§ **WORK TO BE COMPLETED**: All of the data below should be repeated exactly. Pictures should not be included.

§ **RECORDED DATA**:
──────────
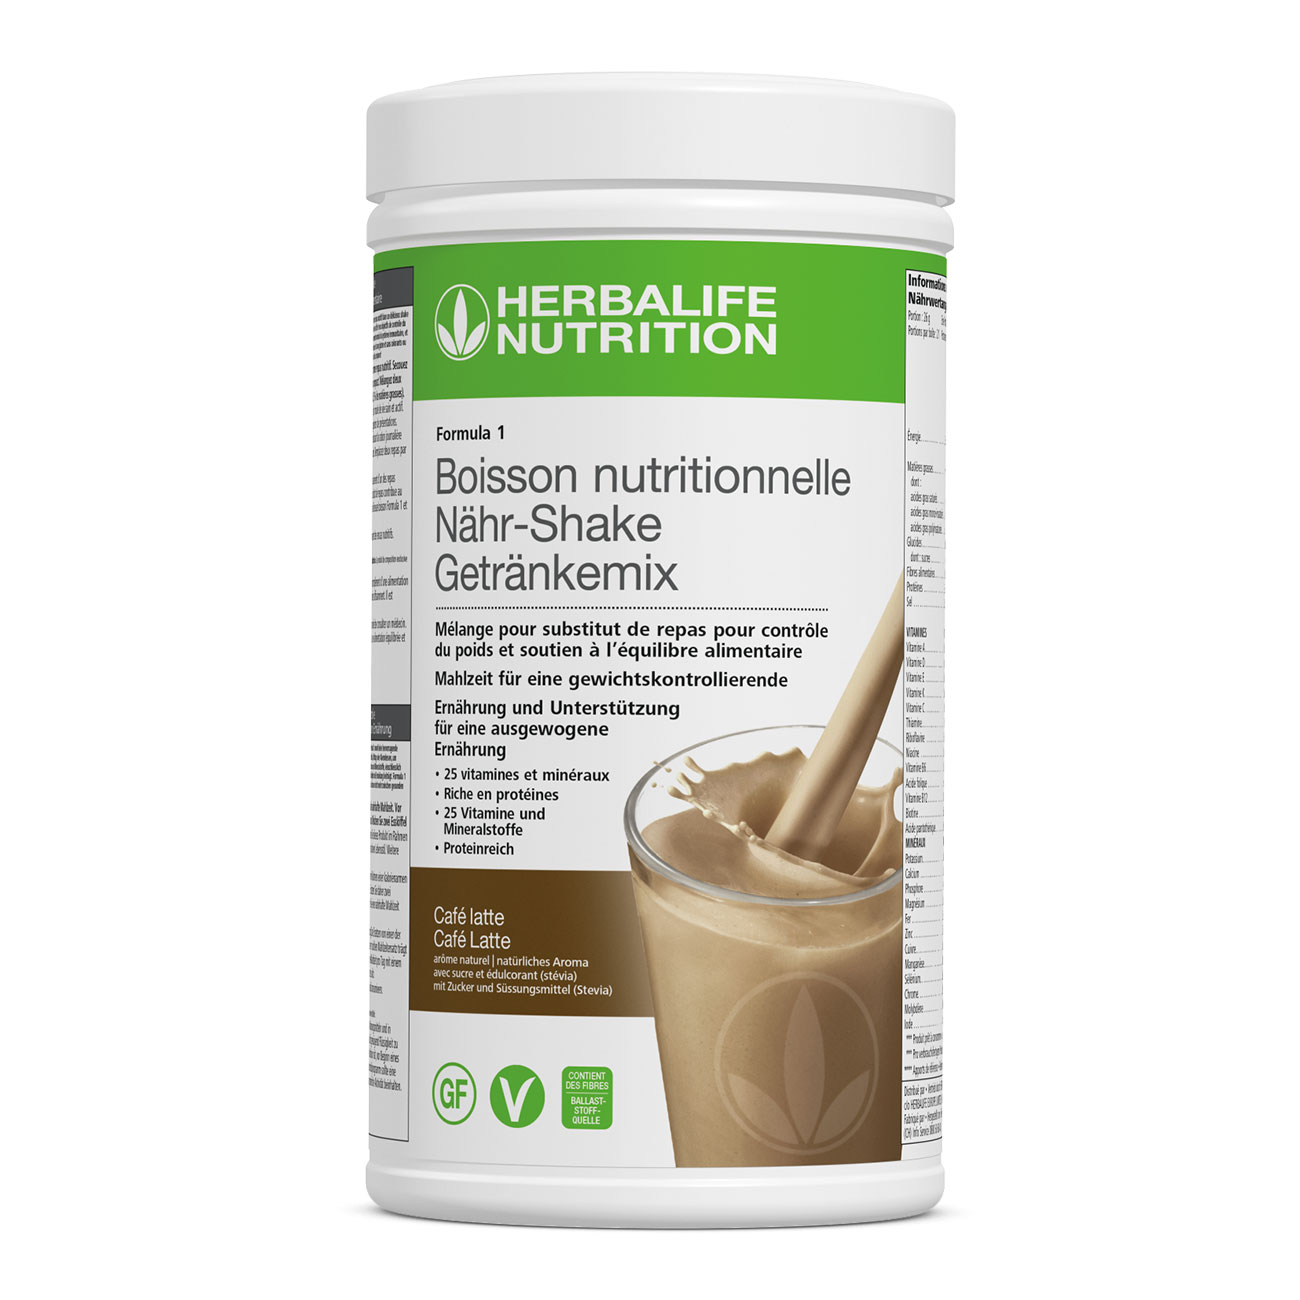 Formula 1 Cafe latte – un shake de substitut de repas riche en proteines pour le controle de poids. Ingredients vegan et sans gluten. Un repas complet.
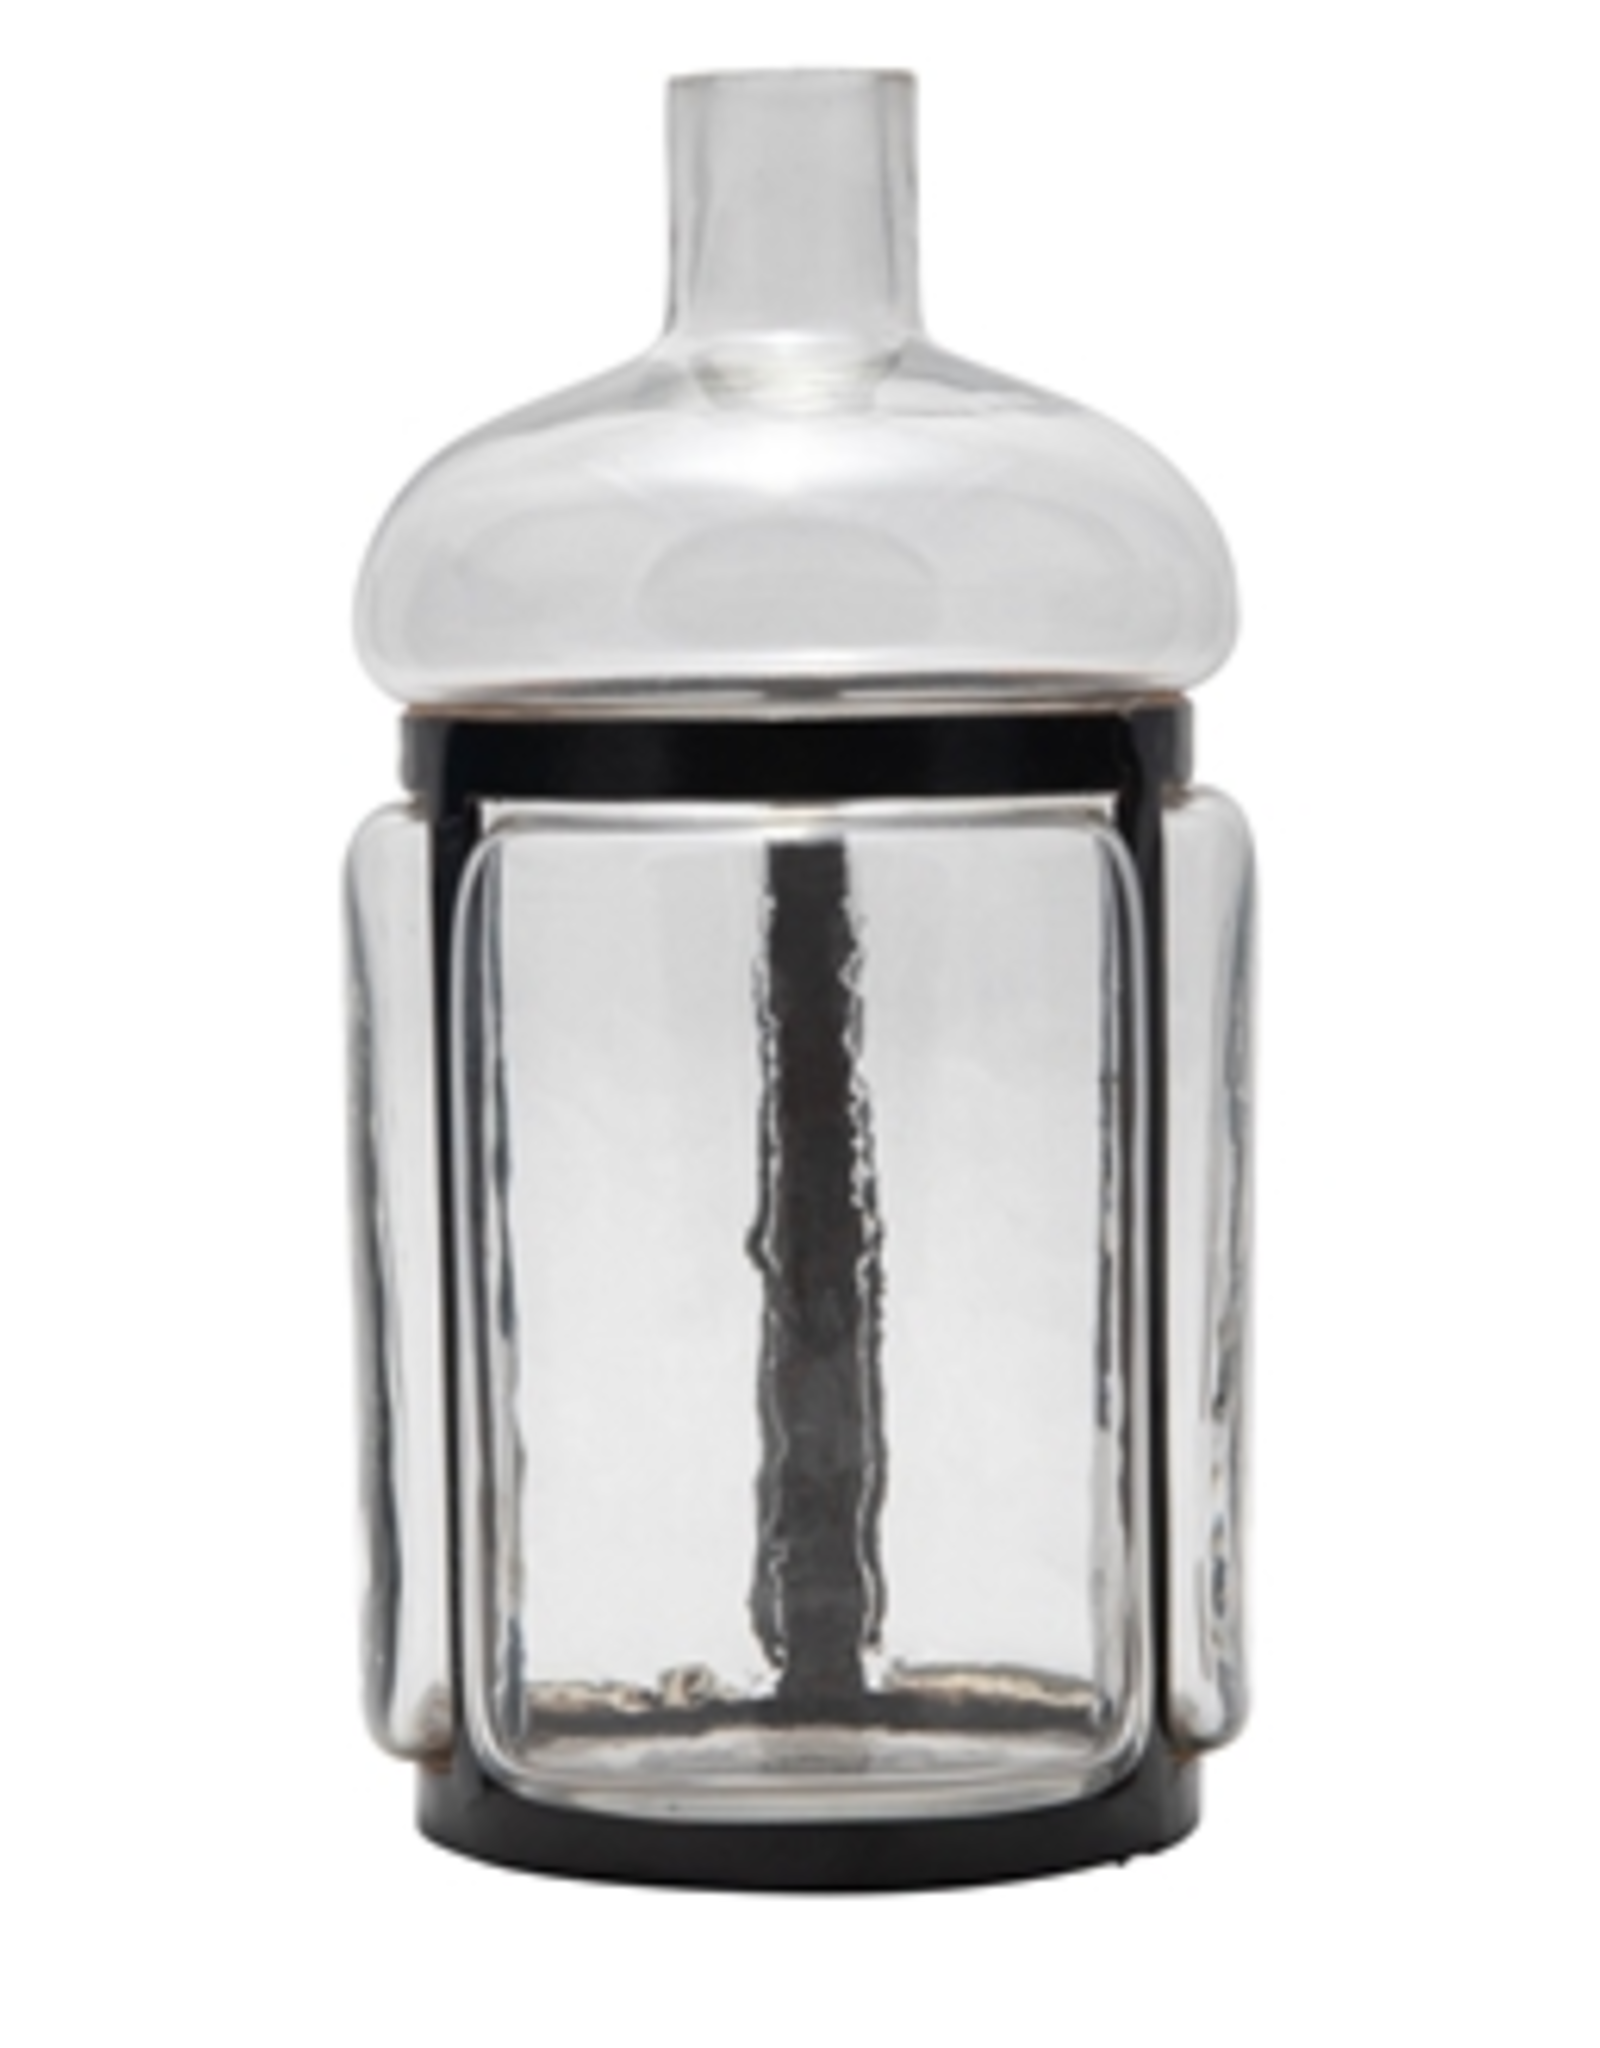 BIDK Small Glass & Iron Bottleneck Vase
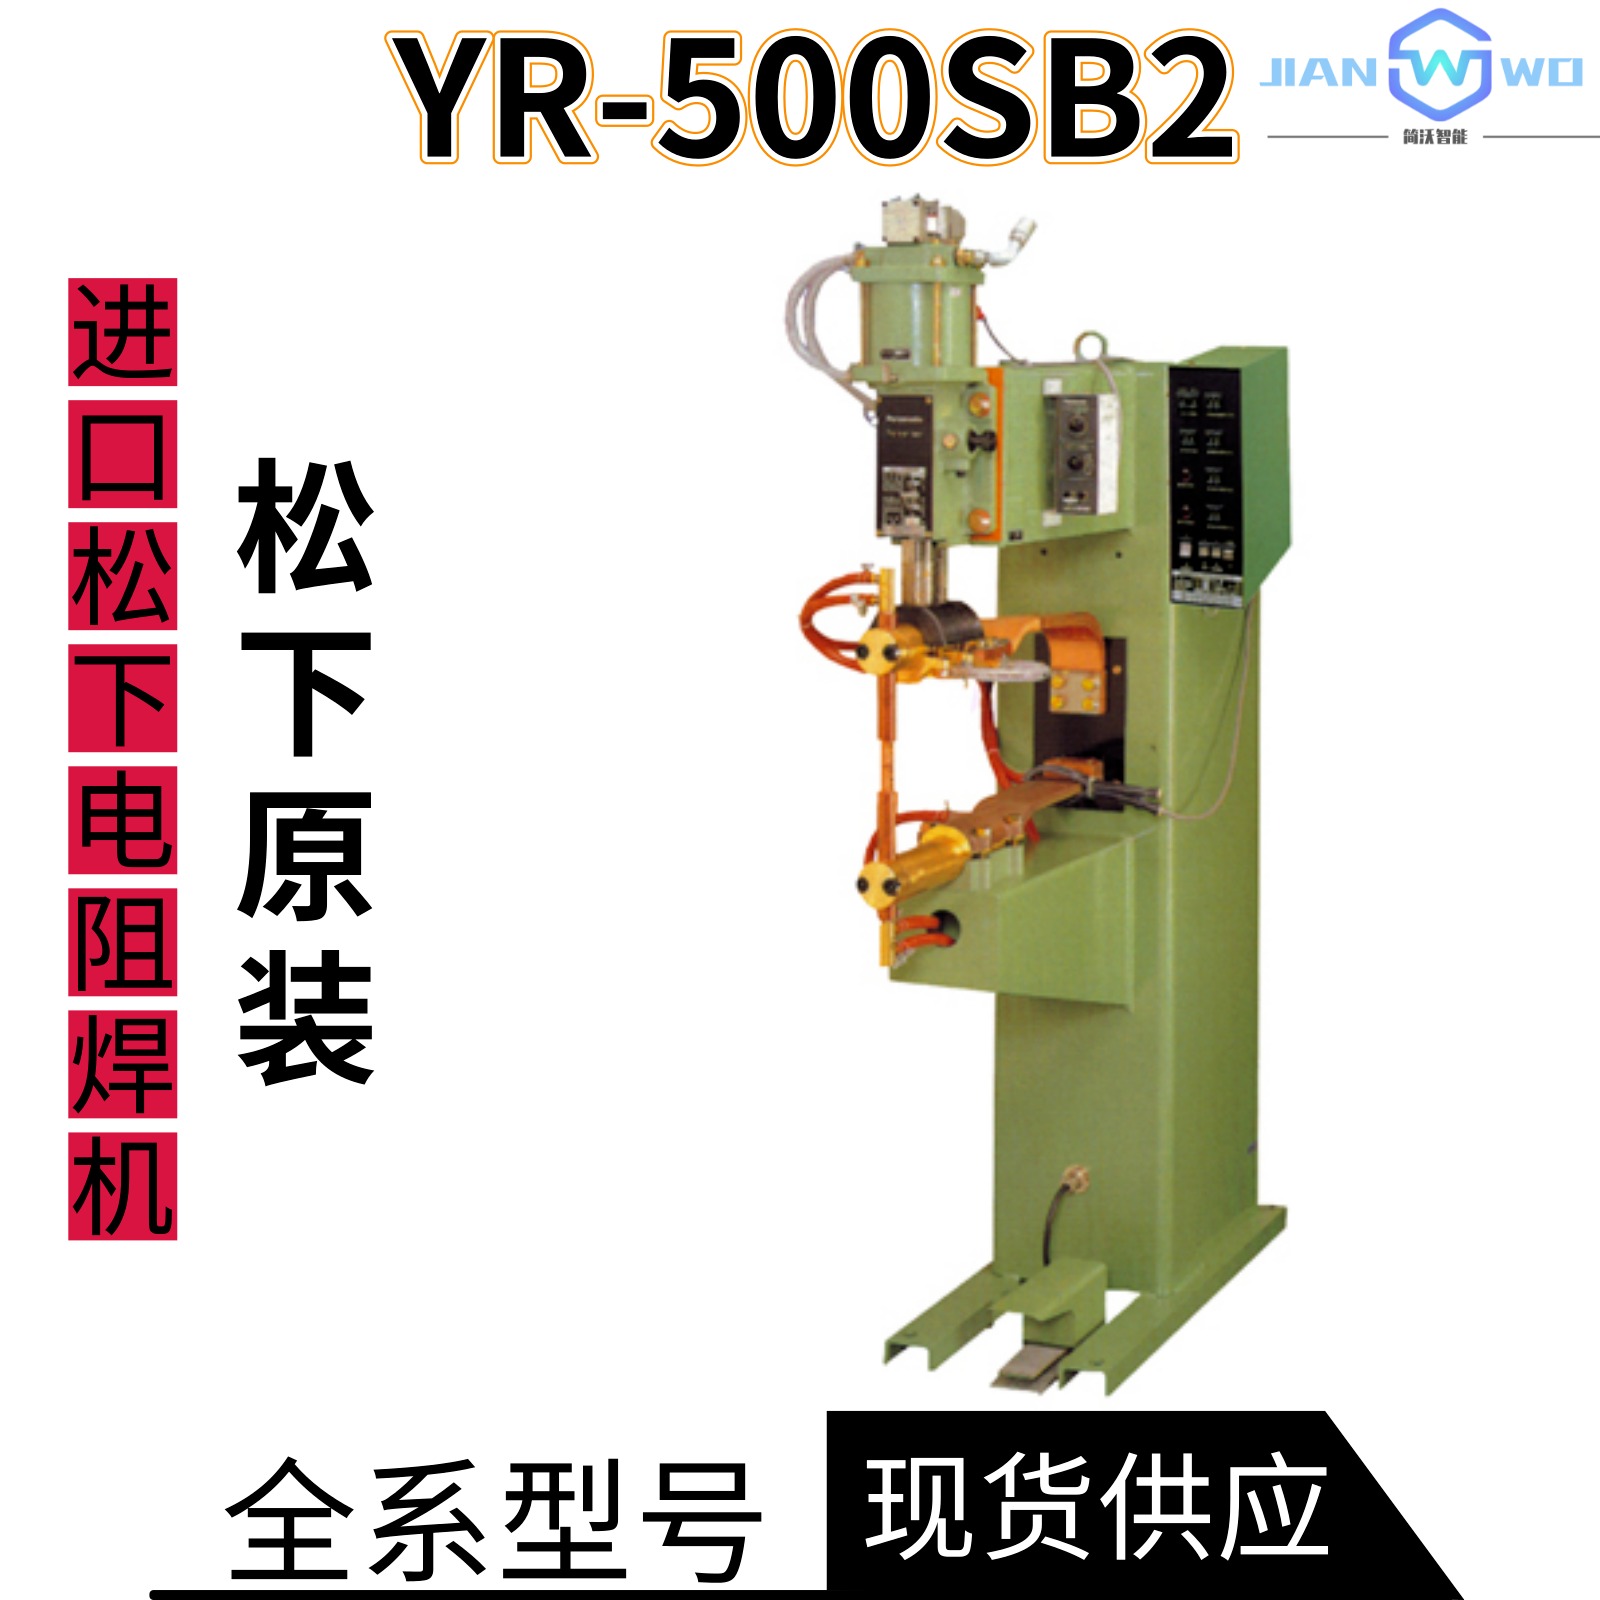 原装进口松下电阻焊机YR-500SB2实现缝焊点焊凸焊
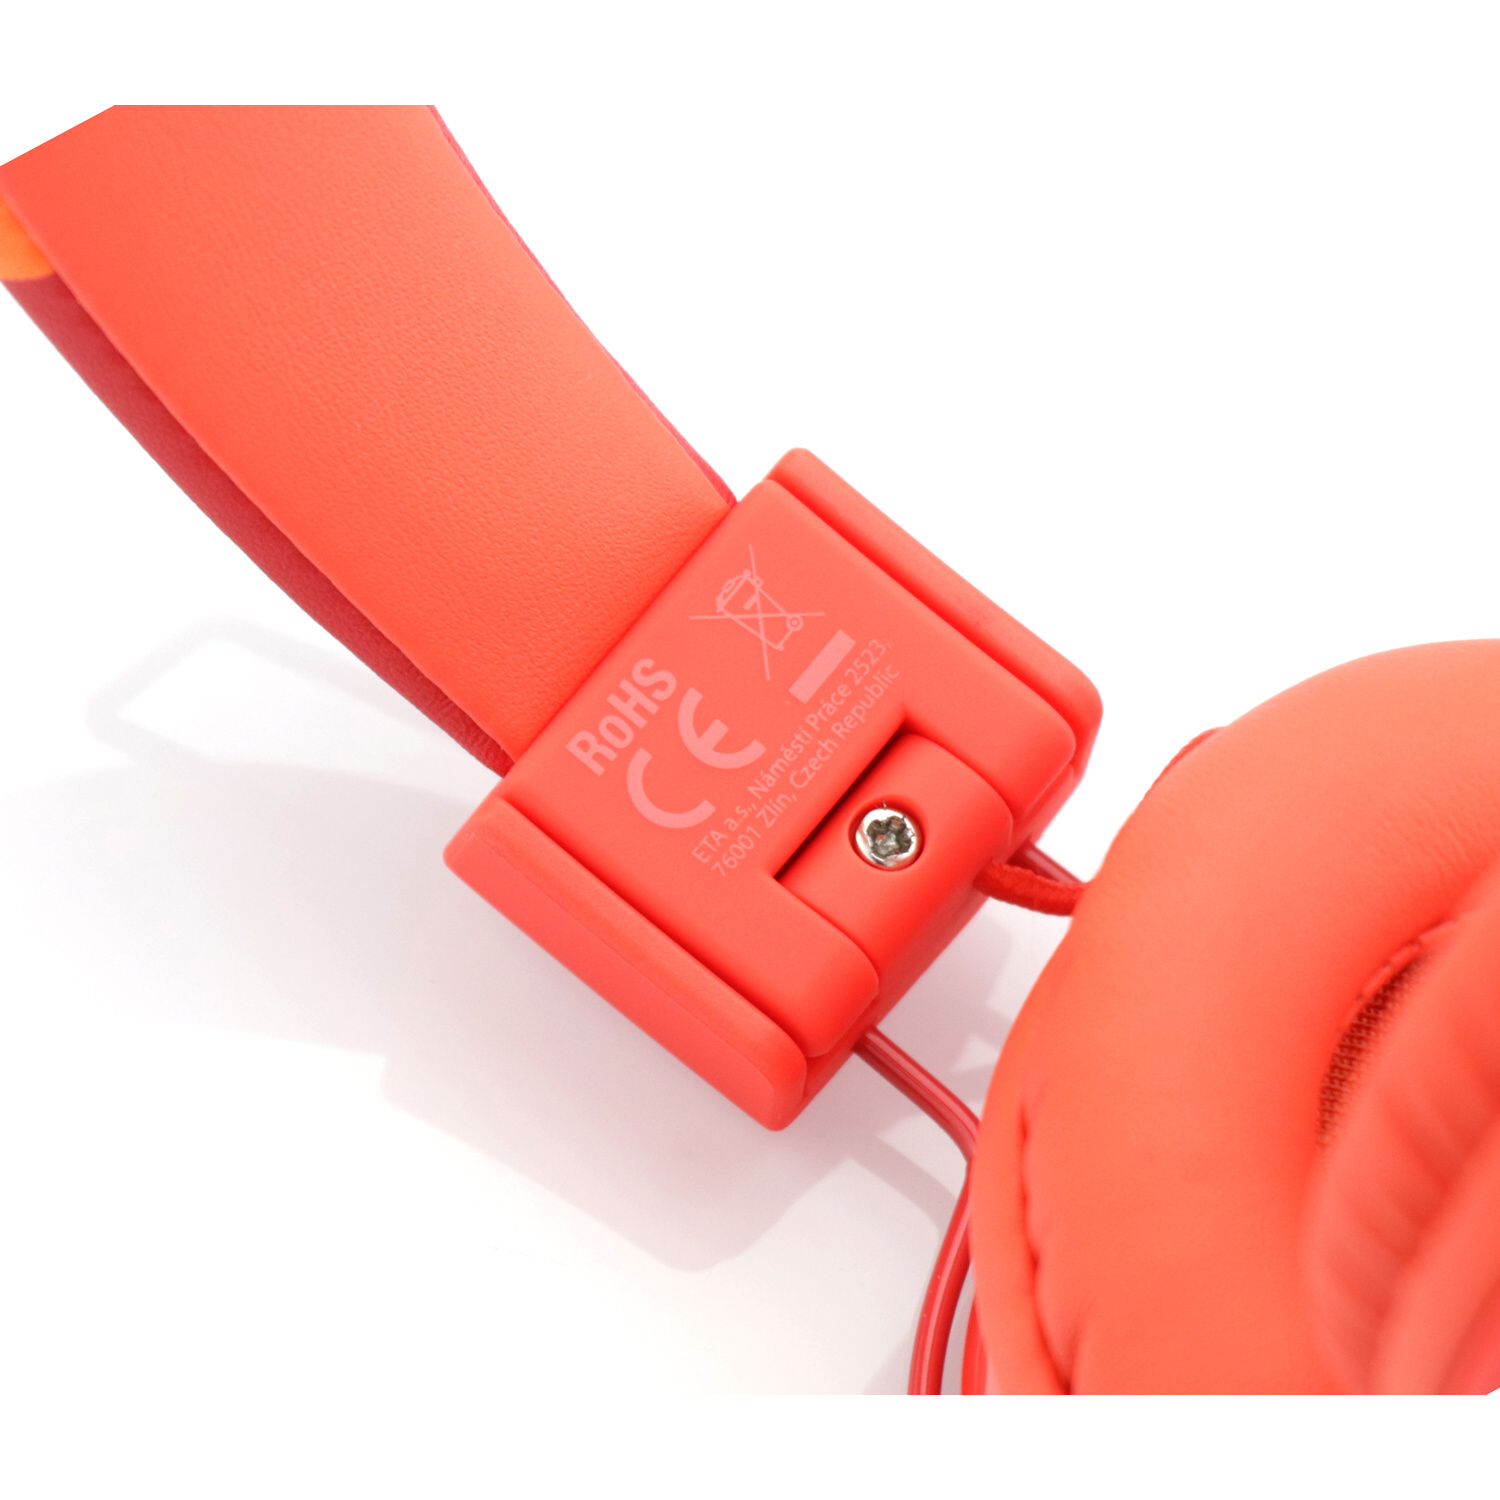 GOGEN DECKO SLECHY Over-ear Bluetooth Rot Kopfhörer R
──────────
§ **SOLUTION BELOW**:
 Formula 1 Cafe latte – un shake de substitut de repas riche en proteines pour le controle de poids. Ingredients vegan et sans gluten. Un repas complet.
 BIDK Small Glass & Iron Bottleneck Vase
 原装进口松下电阻焊机YR-500SB2实现缝焊点焊凸焊
 GOGEN DECKO SLECHY Over-ear Bluetooth Rot Kopfhörer R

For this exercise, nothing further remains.